Journal article
Suppressing phagocyte activation by overexpressing the phosphatidylserine lipase ABHD12 preserves sarmopathic nerves
iScience, Vol.28(6), 112626
06/20/2025
DOI: 10.1016/j.isci.2025.112626
Abstract
Programmed axon degeneration (AxD) is a hallmark of many neurodegenerative diseases. In healthy axons, NMNAT2 inhibits SARM1, the key executioner of AxD, to keep it from depleting NAD+ and triggering axon destruction. AxD was assumed to be governed by axon-intrinsic mechanisms, independent of external factors. However, using a human disease model of neuropathy caused by hypomorphic NMNAT2 mutations resulting in chronic SARM1 activation, we demonstrated that neuronal SARM1 can initiate macrophage-mediated axon elimination long before stressed-but-viable axons would otherwise succumb to intrinsic metabolic failure.

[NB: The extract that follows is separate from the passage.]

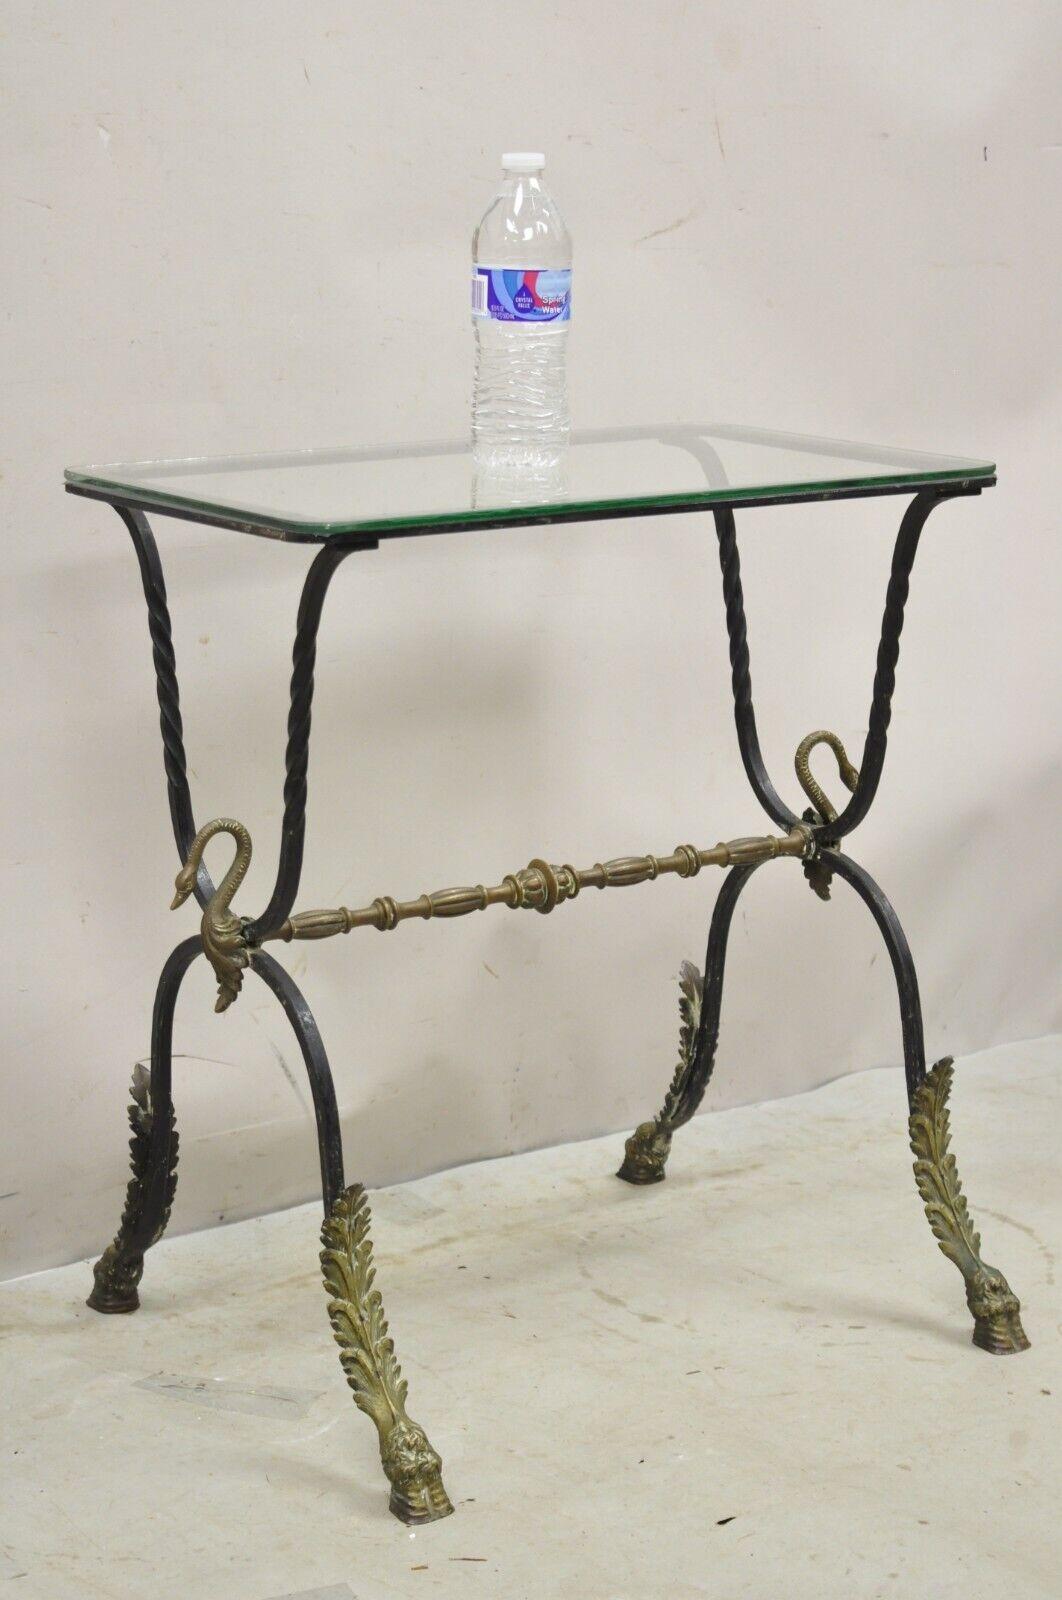 Antique Italian Regency Neoclassical Wrought Iron and Bronze Swan Side Table. Item featured is a nice small size, bronze swans and hoof, glass top, very nice antique item. Circa  Late 19th Century. Measurements: 23.5

Chronic SARM1 activation causes axonal blebbing and disrupts phosphatidylserine (PS), a signaling molecule that promotes axon engulfment by macrophages. Neuronal expression of ABDH12, a PS lipase, reduces macrophage activation, preserves axons, and rescues motor function in this model, suggesting that PS dysregulation is an early SARM1-dependent axonal stress signal. Blocking macrophage-mediated axon elimination could be a promising therapeutic strategy for SARM1-dependent neurological diseases.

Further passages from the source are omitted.